The Secretary of State for Energy (Mr. David Howell)

The Government propose to continue with their present policies which already show signs of stimulating an improvement in the level of exploration.

Mr. Skeet

Does the Secretary of State believe that advancing petroleum revenue tax by 25 per cent. in one year is an incentive? Does he also believe that reserving to BNOC an option to take 51 per cent. of the available oil and gas is an incentive? Does he further believe that giving small operators no special incentive to operate in the North Sea will be in their interests?

Mr. Howell

None of these points has got in the way of the increased incentive momentum that we are now seeing in exploration. I am confident that, when the announcement on the seventh round is made, that will provide further momentum and that we shall see a considerable stepping-up in exploration and development in our North Sea programme. I recognise my hon. Friend's concern, but I do not believe that any of these matters have acted as substantial disincentives in achieving the momentum and the increased expansion in our North Sea programme which we all want to see.

Mr. Flannery

Does the Minister agree that we have done sufficient exploration now to indicate that there is ample oil coming from the North Sea to stop us worrying unduly about the Middle East? Does he agree that groveling apologies by the Foreign Secretary to Saudi Arabia are no longer necessary because we have so much oil now coming from the North Sea?

Mr. Howell

I think that the hon. Gentleman is mixing up a number of questions. First, exploration now means oil in eight, nine or 10 years, because that is the length of time that it takes to develop an exploration well. Therefore, we have to think ahead about oil supplies.
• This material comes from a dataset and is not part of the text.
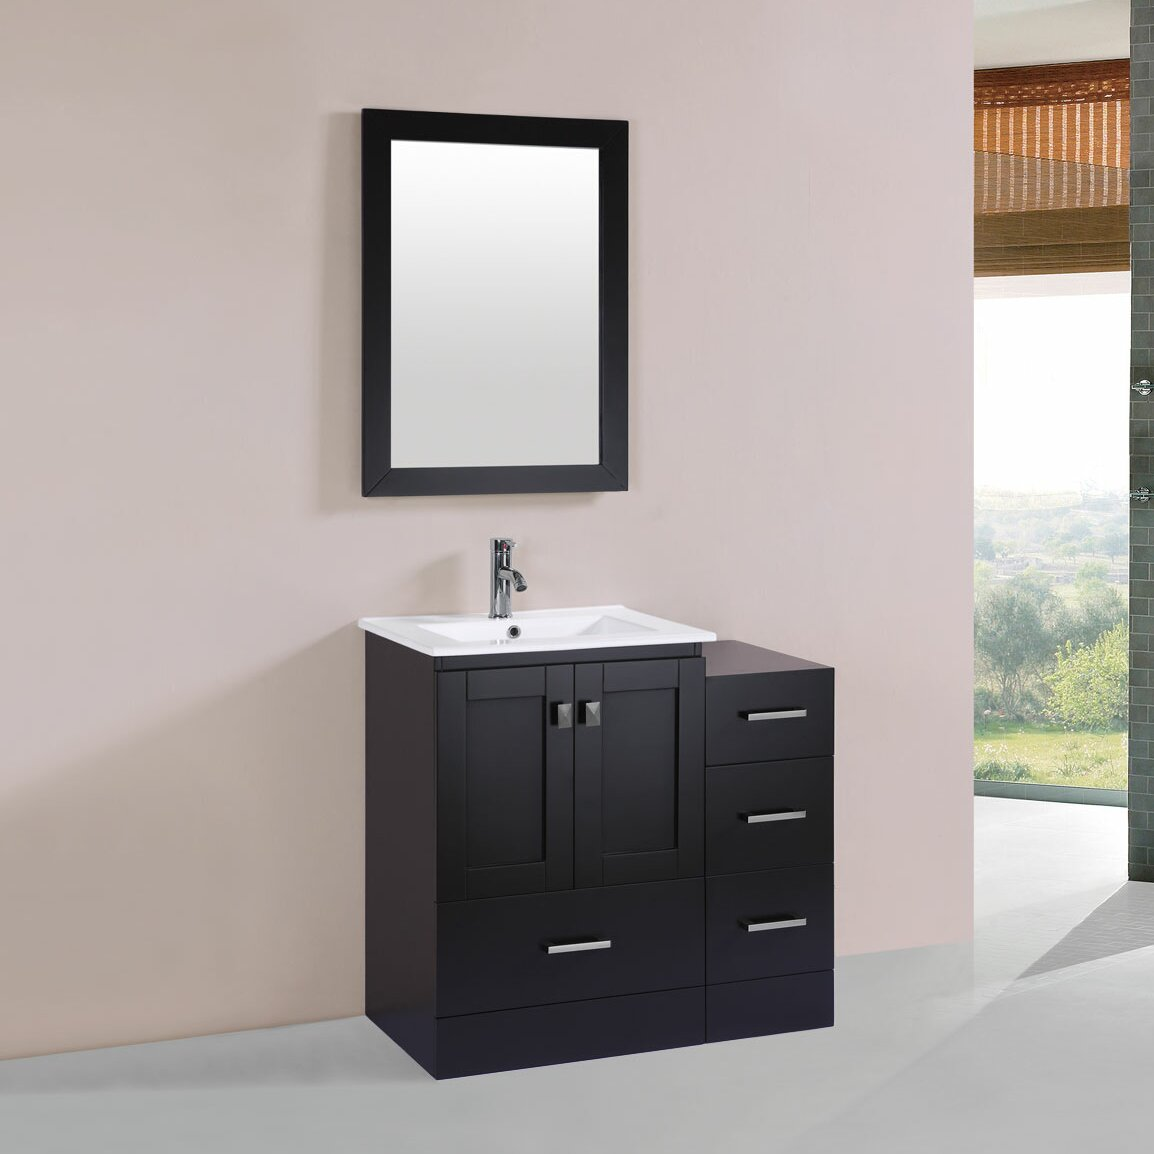 Pacificcollection Redondo 36 Single Modern Bathroom Side Cabinet Vanity Set Reviews

As for oil availability now, I think that the hon. Gentleman recognises that the quality of the oil that we produce, the match with our refineries and the need to enter into world trade in oil, involve us both in exporting and importing oil. Therefore, it is in our interests to see a stable world oil market, stable prices and stable trade on the basis of good relations between other countires.

Mr. Emery

In considering future action to deal with production in the North Sea—and as there is no question on the Order Paper about this matter—can my right hon. Friend say anything further about the safety requirements and problems of semi-submersibles following his statement in the House just before the Easter Recess?

Mr. Howell

I agree with my hon. Friend that there is nothing on the Order Paper about this matter. I undertook to him and to others to keep the House informed. I am today answering a written question on progress so far in relation to the inquiry being held by the Norwegian authorities into the "Alexander Keilland" disaster. From that he will learn that, although the inquiry is entirely in Norwegian hands, we are being kept closely informed. Obviously, at each stage that we learn about information relevant to the accident, we shall immediately apply it to our inspection surveys of our semi-submersibles.

Dr. Owen

In the light of the Secretary of State's reply, will he now give the House some indication when we may expect a debate on the Burgoyne report? If the Norwegian commission is likely to take some time, will he take it that we should not consider it reasonable to withhold a debate from the House? We should have the debate before the com- mission reports, if it is a matter of some months away.

Mr. Howell

This is a bit off the question, but I note the right hon. Gentleman's views. The timing of a debate is a matter for my right hon. Friend the Chancellor of the Duchy of Lancaster. I am sure that he will note—indeed, I shall call his attention to it—what the right hon. Gentleman has said.